MEEYOUNG O MIN portrait
  • The Belle S. Spafford Endowed Chair in Women and Families
  • Associate Professor, College Of Social Work
801-581-8796

Education

  • PhD, Social Welfare, Case Western Reserve University. Project: Factors Related to Psychiatric Hospitalization and Repeated Crisis Service Use of Adults with a Dual Diagnosis of a Mental Illness and Substance Use Disorder
  • MSW, Social Work, Adelphi University
  • BA, Social Work, Yonsei University, South Korea

Biography

Dr. Meeyoung O. Min, MSW, PhD, is Associate Professor and The Belle S. Spafford Endowed Chair in Women and Families in the University of Utah College of Social Work.  Her research interests have been centered on the developmental outcomes of prenatally substance (cocaine, alcohol, MDMA)- exposed children and their mothers, with a focus on trauma and social support. Dr.
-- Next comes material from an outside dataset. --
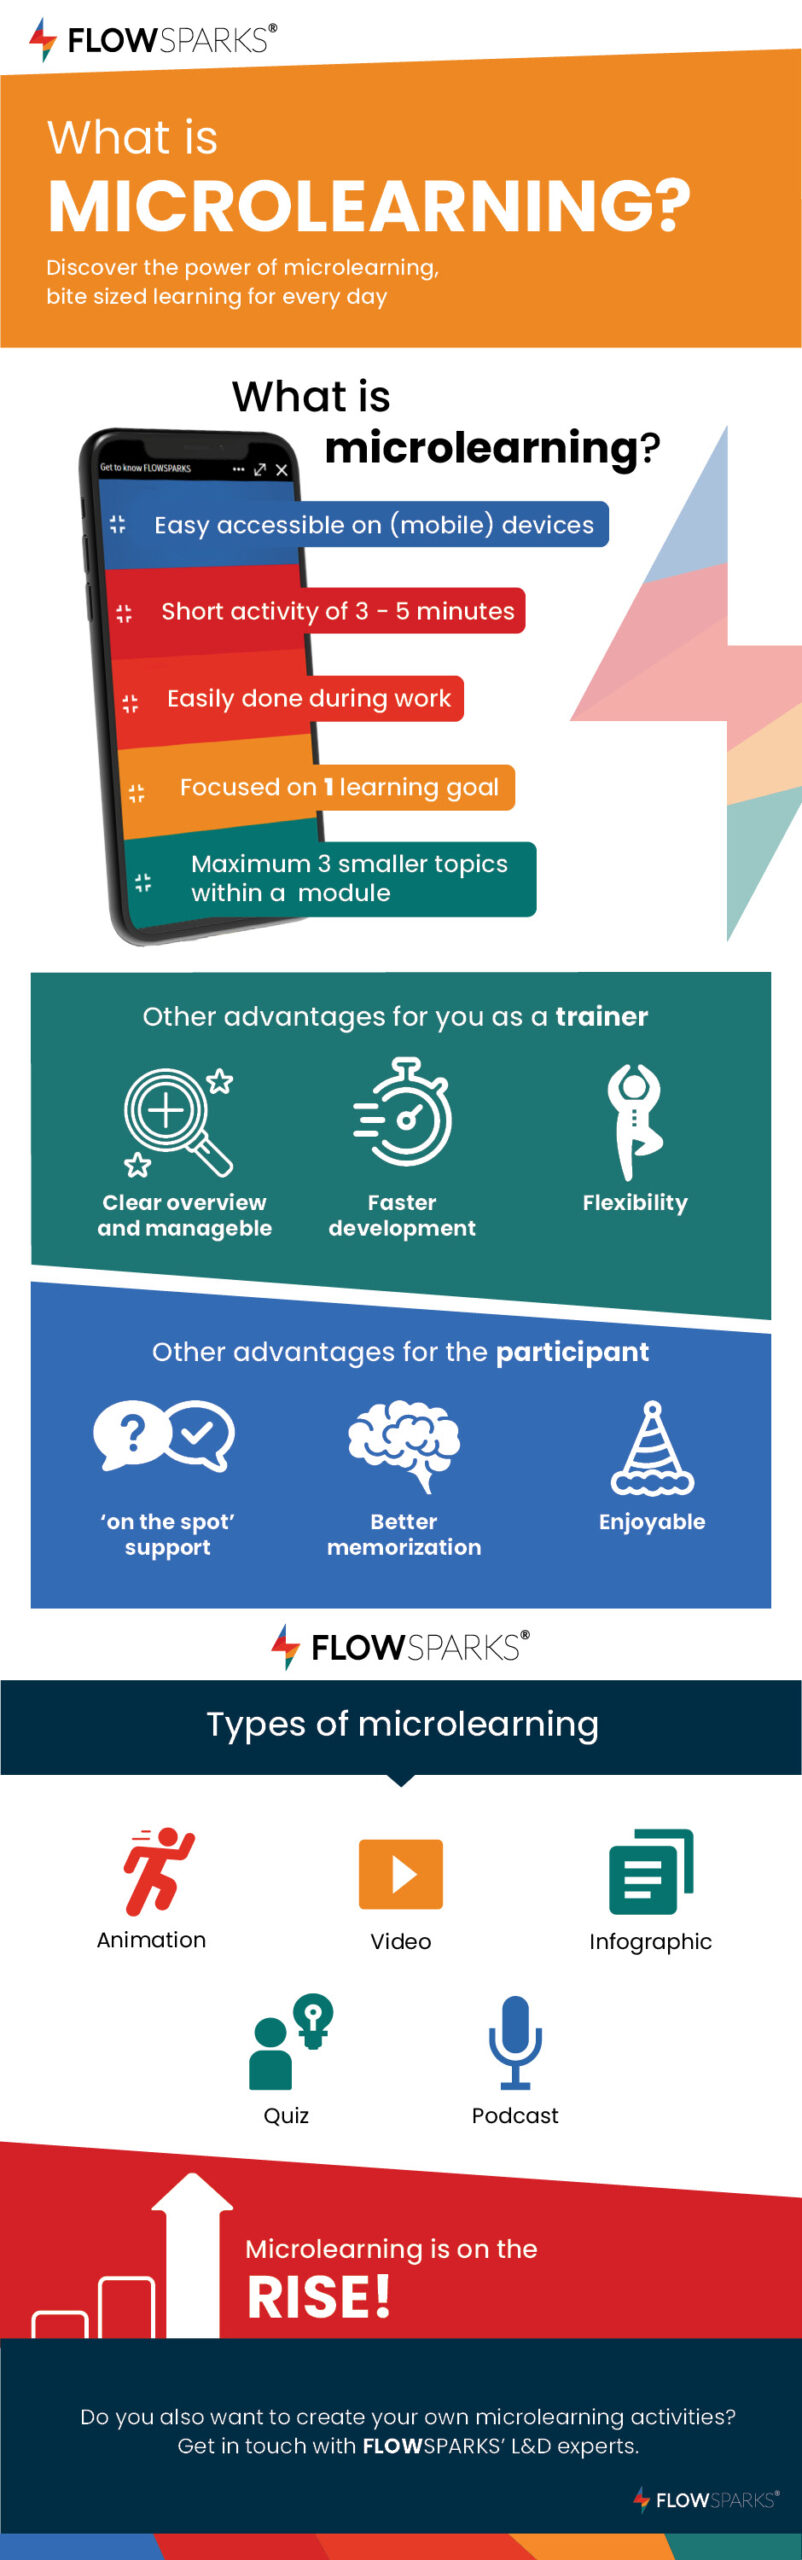 microlearning-infographic
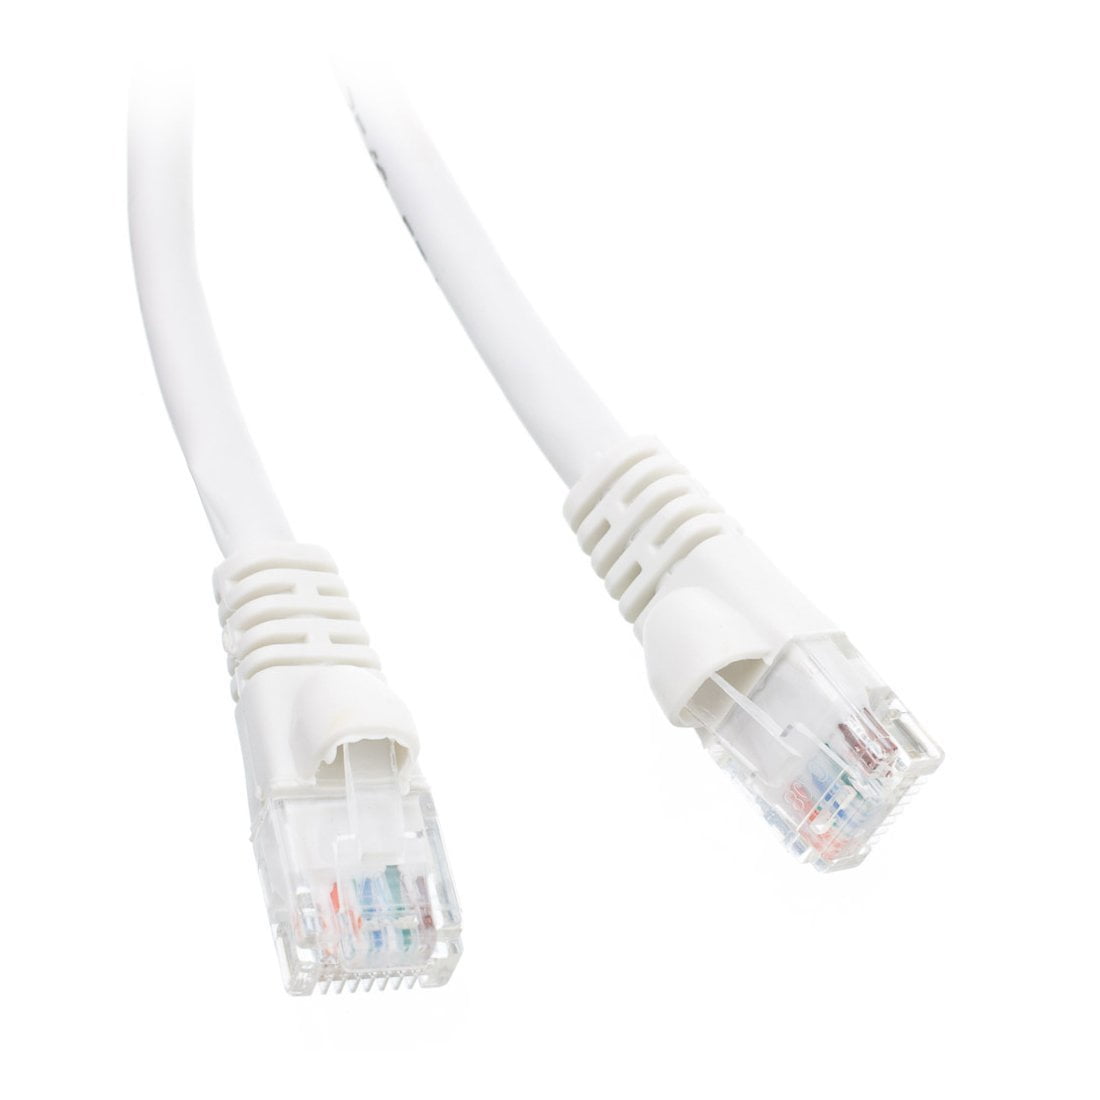 C&E Cat5e Ethernet Patch Cable CNE469961 MarginMart Inc. Snagless/Molded Boot 2 Feet Black

Min is the principal investigator of a secondary data analyses study funded by the National Institute on Drug Abuse (NIDA).  This study examines gender differences in behavioral trajectories leading to substance use and sexual risk behaviors in adolescents with and without prenatal cocaine/polydrug exposure, capitalizing on the combined datasets from two birth-cohort longitudinal data sets.  She has been also actively engaged in multiple federally funded studies as a co-investigator or a lead statistician, including an ongoing longitudinal study investigating the developmental effects of prenatal cocaine-exposure (PI: S. Minnes, R01 DA07957; 2003-2019), another longitudinal study examining the developmental effects of MDMA/Ecstasy (PI: L.T. Singer, R01 DA14910; 2003-2006), and a study investigating the composition, support, and structure of the personal networks of women in substance dependence recovery (PI: E. Tracy, R01 DA022994; 2009-2014), all funded by NIDA.  She has been produced more than 60 peer-reviewed publications and 100 presentations in scientific meetings to date.